Pov Dhani
"Dhan, itu Nera ke arah sini". Rizky menyadarkan lamunanku.
"Iya, akan kulihat, apakah dia benar-benar menjauhiku. Apa hanya gertakan saja".
"Sepertinya berharap sapaan darimu". Kata Rizky yang sedari tadi memperhatikan Nera.
"Biarlah, akan ku beri ruang bernafas, supaya hari-harinya tidak melulu tentangku".
Ku tatap dalam dari ujung kepala hingga ujung kaki. Aku berusaha menahan senyumku yang sangat sulit dikendalikan. Aku sengaja mencari tahu sekolah tujuan Nera hingga dipermalukan wali kelasku yang sangat hobi bercanda.
...***...
Flashback On
"Loh, Dhani belum pulang". Kala itu setelah perayaan ulang tahun wali kelasku, Pak Adi.
"Belum pak".
"Ada yang ketinggalan kah?".
"Hmmm, Sebenarnya ... ". Aku ragu mengucapkannya.
"Kenapa?".
"Saya ingin bertanya, Nera mau lanjut sekolah dimana ya pak, hehee". Aku bingung, tapi sudah nyemplung. Jadi mau di apakan lagi, sudah terlanjur di sini.
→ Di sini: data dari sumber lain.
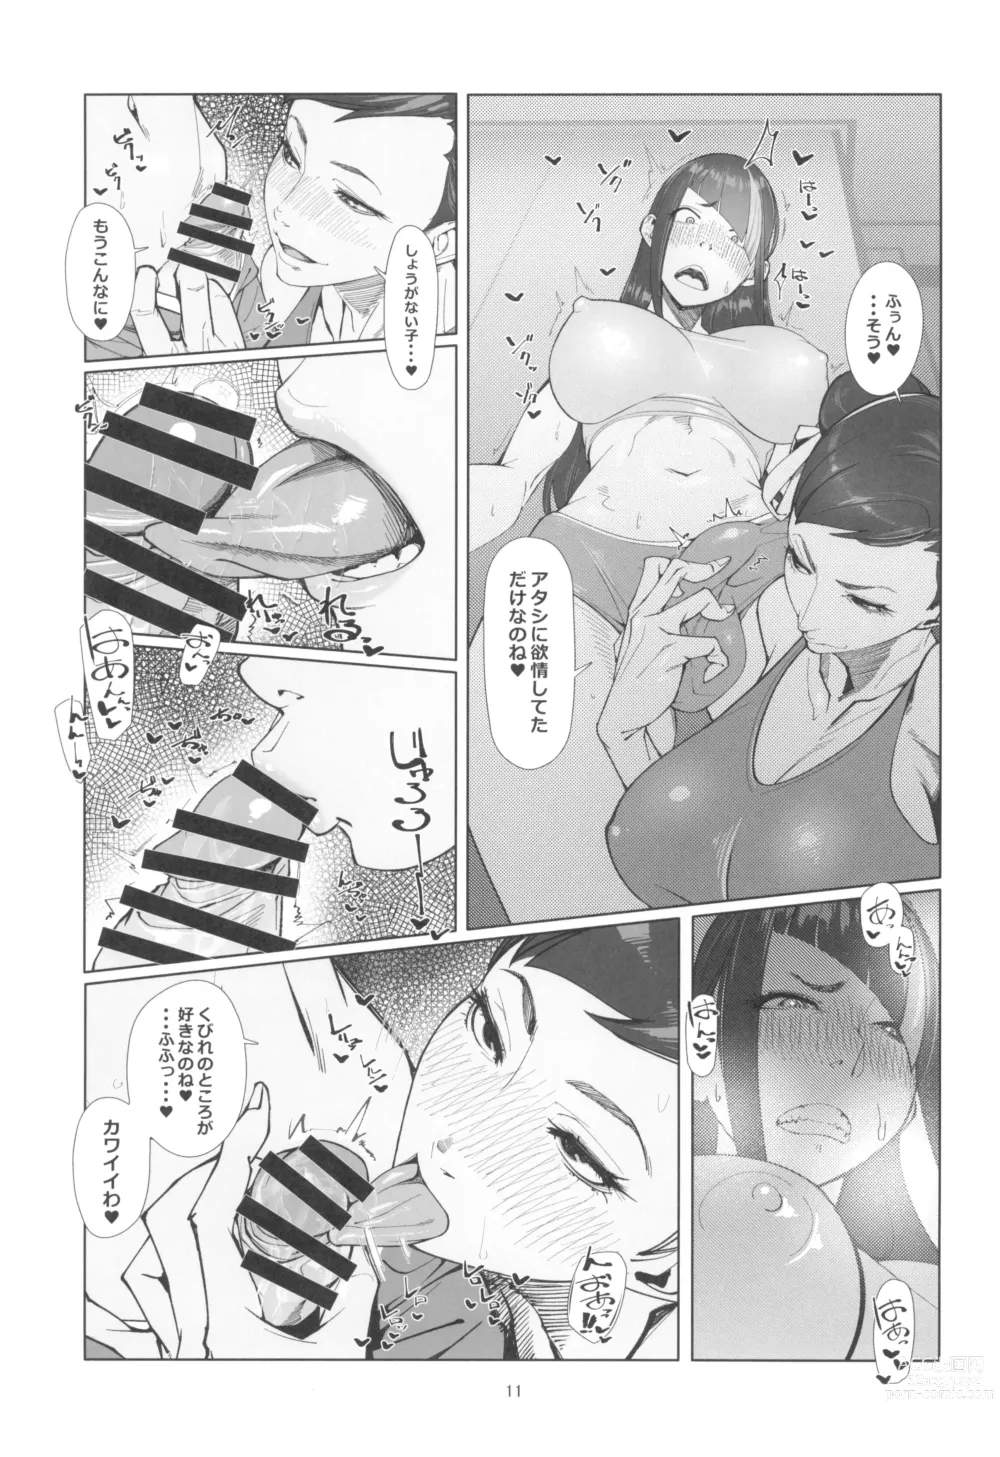 Page 11 of doujinshi Backstab

"Loh, kok tanya ke saya. Saya bukan bapaknya".
"Hehe". Ku garuk kepalaku bagian belakang, padahal tidak gatal. "Kan bapak yang membuat album kenangan, kemungkinan besar bapak tahu Nera akan sekolah dimana".
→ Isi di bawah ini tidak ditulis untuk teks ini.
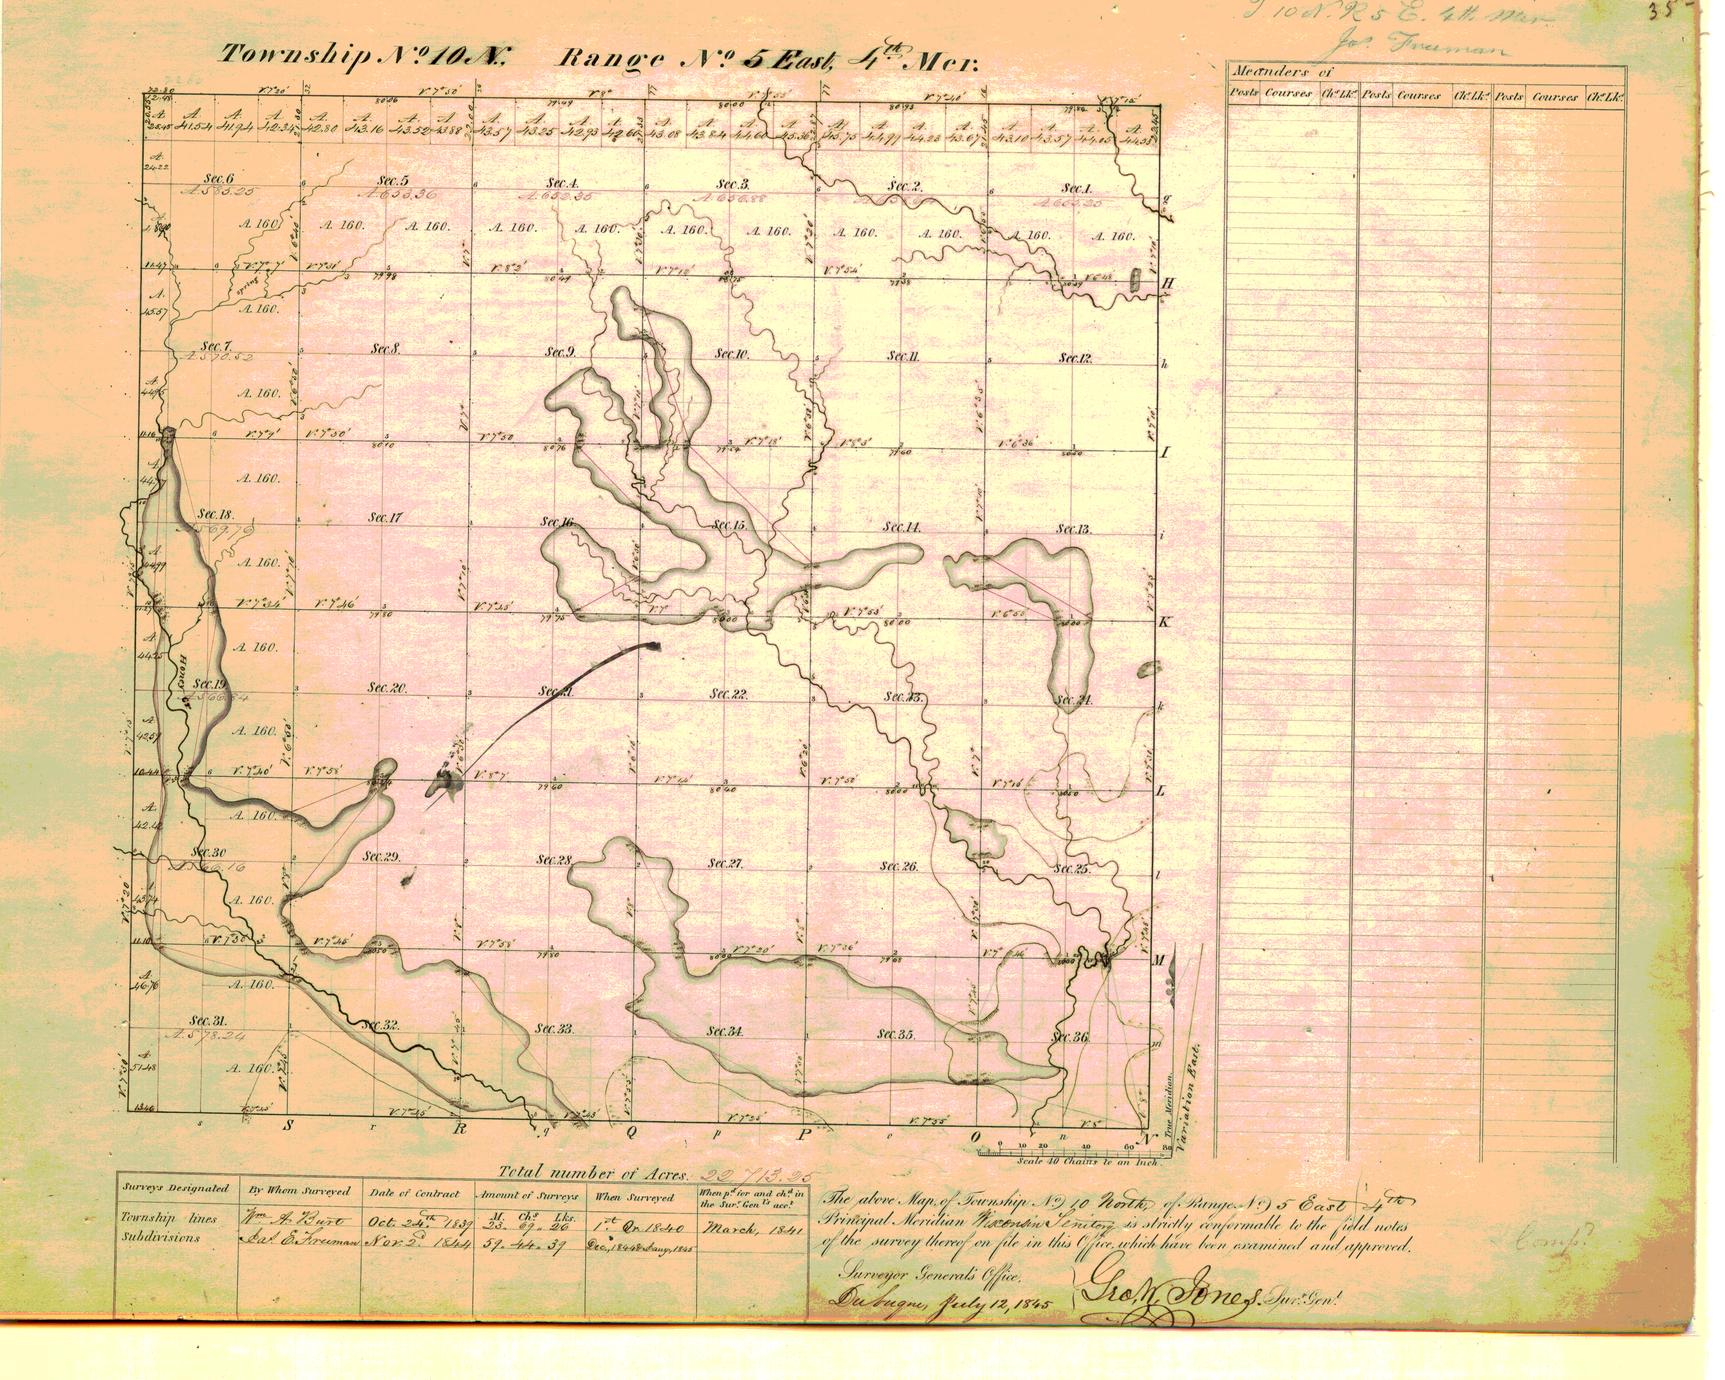 [Public Land Survey System map: Wisconsin Township 10 North, Range 05 East]

"Kamu suka, tanya sendiri saja jangan cemen dong".
"Aduh, bapak ini seperti tidak pernah jatuh cinta saja".
"Memangnya untuk apa kamu bertanya seperti itu?". Pak Adi menatapku meledek.
"Aduh, bapak ini loh. Saya juga mau sekolah yang sama dengannya".
"Tanya ke Nera saja, jangan malu dong. Biasanya kamu kan malu-maluin".
"Aduh pak, ini bukan masalah malu, tapi ya memang malu".
"Ada-ada saja". Pak Adi malah masuk ke rumahnya. Aku terpaksa mengekor di belakangnya.
"Pak, ayolah. Saya mohon, berikan informasi itu. Saya sangat membutuhkannya".
"Kamu tanyakan saja sendiri". Kata pak Adi.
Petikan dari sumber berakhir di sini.